Although the male National Assembly never approved voting rights for French women in that era, it did reform French civil and family law in the early 1790s. Marriage was removed from the control of the church, divorce was legalized, and the age of majority for women was lowered. A far-reaching change in inheritance law required division of a patriarch’s estate among all his children, regardless of age, sex, and even legitimacy. By contrast, most American states adopted traditional English family law virtually unchanged.

French feminism traveled across the Channel to Britain and inspired the talented Mary Wollstonecraft. Born into a respectable but downwardly mobile family, Wollstonecraft took work as a governess before establishing herself as a writer in London. There she met the radical Thomas Paine and the philosopher William Godwin, along with other leading artists and intellectuals. In 1792, she published A Vindication of the Rights of Woman, offering a contrast to Paine’s 1791 book The Rights of Man. Paine wrote about property and politics as fundamental rights and never considered women; Wollstonecraft argued that women also had inherent rights. She spoke forcefully about the intellectual equality of the sexes that would become evident once women could get an equal education. She championed female economic independence and, most radically, suggested that traditional marriage at its worst was legalized prostitution.

Wollstonecraft’s book created an immediate sensation in America. Excerpts appeared in periodicals, bookstores stocked the London edition, and by 1795 there were three American reprints. Some women readers were cautious. A sixty-year-old Philadelphian, Elizabeth Drinker, reflected in her diary that Wollstonecraft “speaks my mind” on some issues but not others; “I am not for quite so much independence.” A youthful Priscilla Mason delivered a commencement address at her academy, inspired by Wollstonecraft to condemn “the high and mighty lords” (men) who denied women education and professional opportunities. “Happily, a more liberal way of thinking begins to prevail,” Mason predicted.

Male readers’ responses were also varied.

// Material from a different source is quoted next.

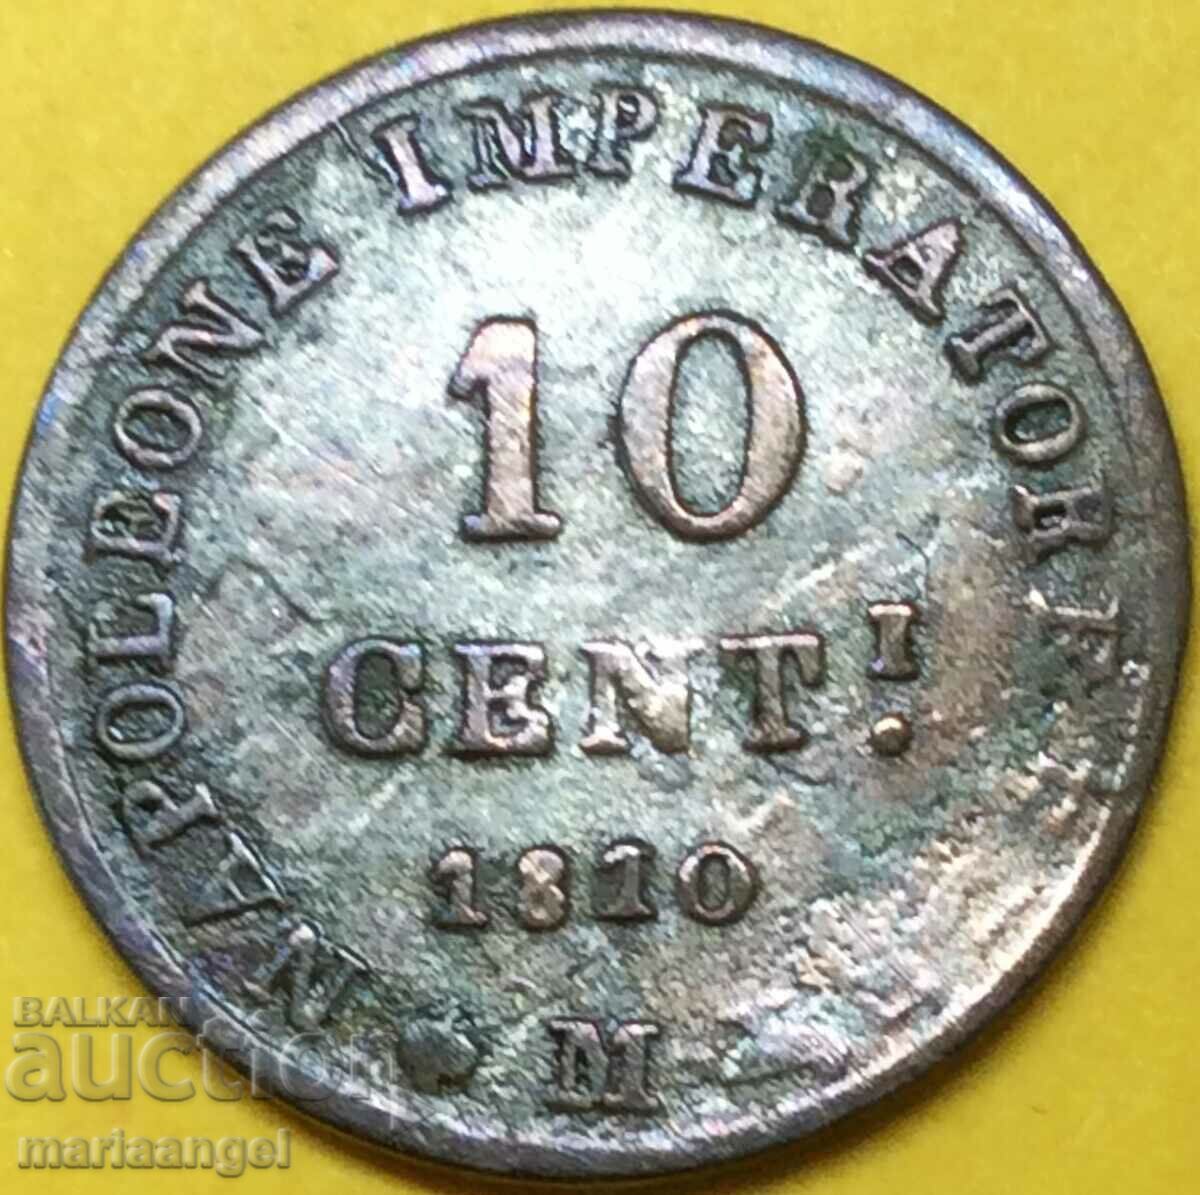 Napoleon 10 cents 1810 Italy coronation Milan - rare

Aaron Burr, a senator from New York, called Wollstonecraft’s book “a work of genius.” A Fourth of July speaker in New Jersey in 1793 proclaimed that “the Rights of Woman are no longer strange sounds to an American ear” and called for revisions in state law codes. Critics of Wollstonecraft were not in short supply. A New York orator on that same July Fourth rejected Wollstonecraft with the claim that woman’s rights really meant a woman’s duty “to submit to the control of that government she has voluntarily chosen”—namely, the government of a husband.

The interest in the rights of woman faded fast, however. The unhappy fate of de Gouges, guillotined in France in 1794, was soon followed by news of Wollstonecraft’s death in childbirth in 1797. Soon thereafter, William Godwin, father of her infant daughter, published details of her unconventional personal life: love affairs, two children conceived out of wedlock, and two suicide attempts. “Her licentious practice renders her memory odious to every friend of virtue,” declared a prominent American minister in 1801, shutting down nearly all possibility for continued public admiration of Wollstonecraft and her ideas about women.

America in a Global Context

  1. Contrast the radical ideas of Mary Wollstonecraft with the more moderate concept of “republican motherhood,” which summarizes American women’s contributions to civil society and family life.
  2. Why might Wollstonecraft’s unconventional personal life have cast doubt on the value of her ideas about the rights of woman?

Connect to the Big Idea

How did the struggle for woman’s rights reflect the struggle to define the new American nation?